# ED speakers / not their subs



## Picture_Shooter (Dec 23, 2007)

Anyone hear, own'd, or demo'd the Elemental Design speakers?

If so, would love to hear the input on them. raying:

I came to conclusion that I will either go w/ either of the 3.0 packages from Emotiva or Elemental Design:

ED's: A6-5t5 Towers & A6-5t5 MTM single (center)

Emotiva's: (3) of the ERM-1 LCR's


Thanks for getting me to finalize my future order :scratchhead:


----------



## eugovector (Sep 4, 2006)

Heard them at their open house in Newton, IA. Not the best environment (other folks was producing dangerous, literally dangerous levels of bass with their subs next door). Still, considering the price ($200/pair shipped), I think they were well worth the money.

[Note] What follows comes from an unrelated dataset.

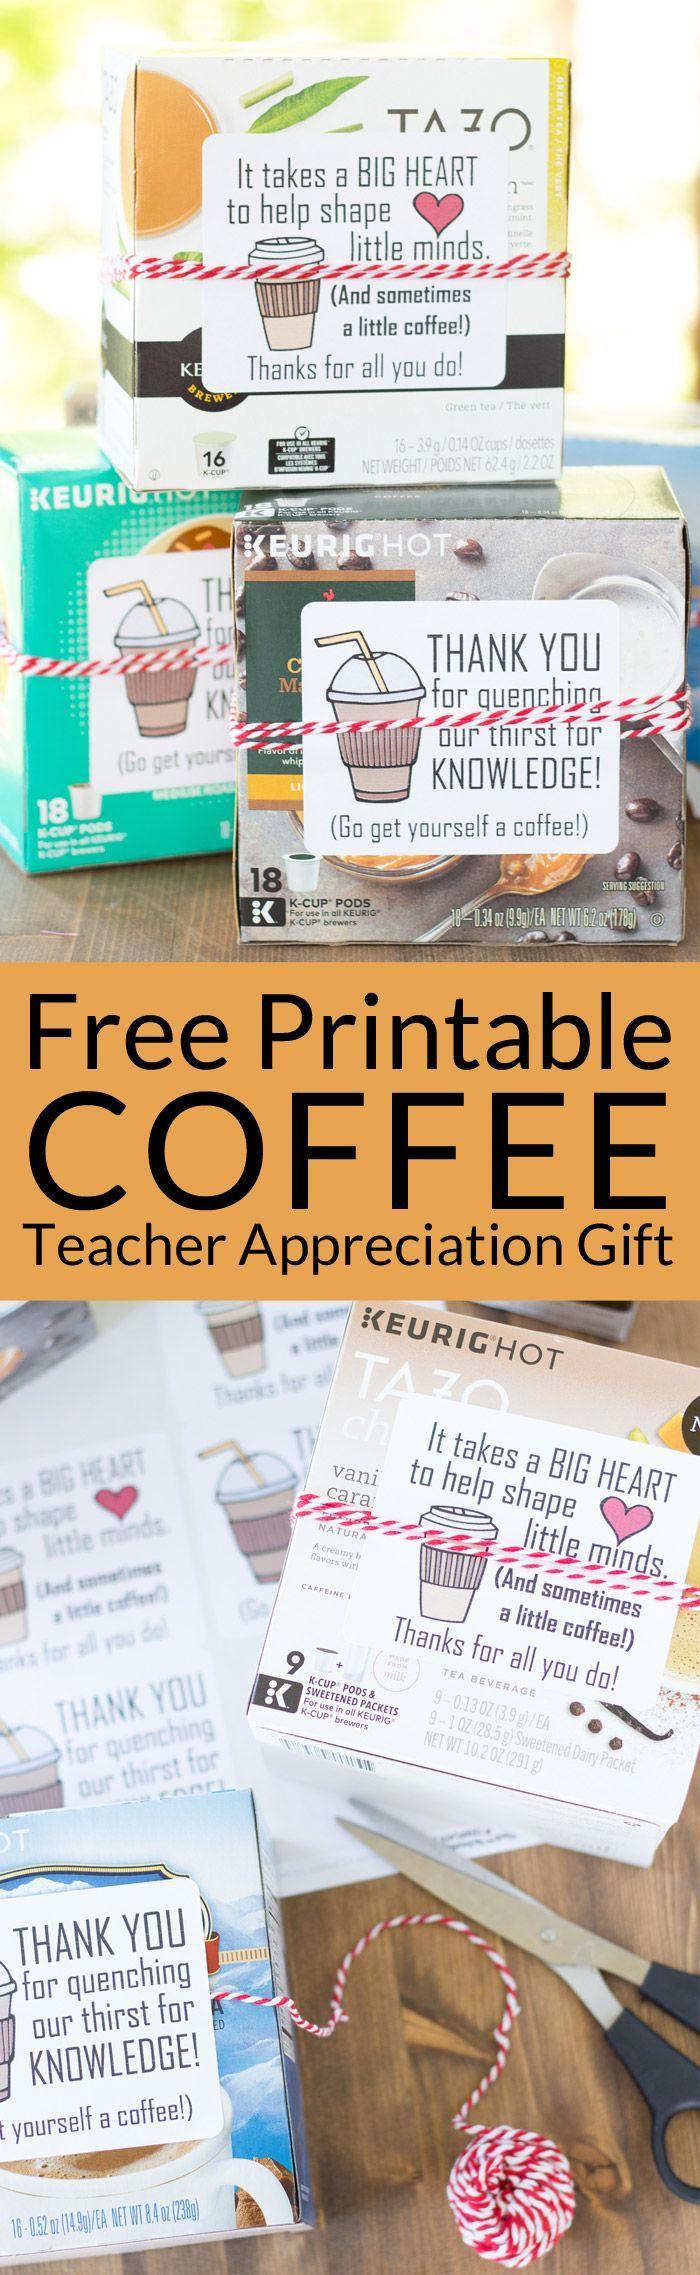 The 5 Minute Coffee Teacher Appreciation Gift

I do think you'll want a sub with them though. I recall them sounding a little anemic w/o some help in the lower end. They show response down to 60HZ, which isn't nearly as low as I think you'll want for movies or music.


----------



## dradius (Sep 10, 2008)

I think you're thinking of the bookshelves, and he is asking about the towers. ($500)
I own an eD sub and two of their drivers in diy subs. I've been happy with them and their customer service is pretty good. I'm upgrading speakers soon and was looking at the towers and center but after reading several forums decided the Infinity Primus 362 and pc350 is probably a better bang for the buck. With that said, I've read a lot of positive reviews of the A6-5T5 towers and lots of people seem to like them.


----------



## eugovector (Sep 4, 2006)

I guess I should have sought clarification. ED does not make a 5t5 tower, only the 16" tall bookshelves. They do make an A6-6t6 tower however. I have heard the 6t6 tower, but not without support from a subwoofer. If you are looking at the 6t6 tower, this review may be helpful:

http://www.audioholics.com/reviews/speakers/floorstanding/elemental-designs-a6-6t6

You'll notice there is still commentary about the lack of bass, regardless of the 40hz -3db point claim by ED. Not saying ED is making up specs, just that their measurements may not translate into real world performance.


----------



## dradius (Sep 10, 2008)

Yep you're right, A6-6T6 towers. I knew they only had one model of tower, just got the numbers mixed up


----------



## Picture_Shooter (Dec 23, 2007)

it... sorry about the model of ED mix up. But I thank you for your feedback


----------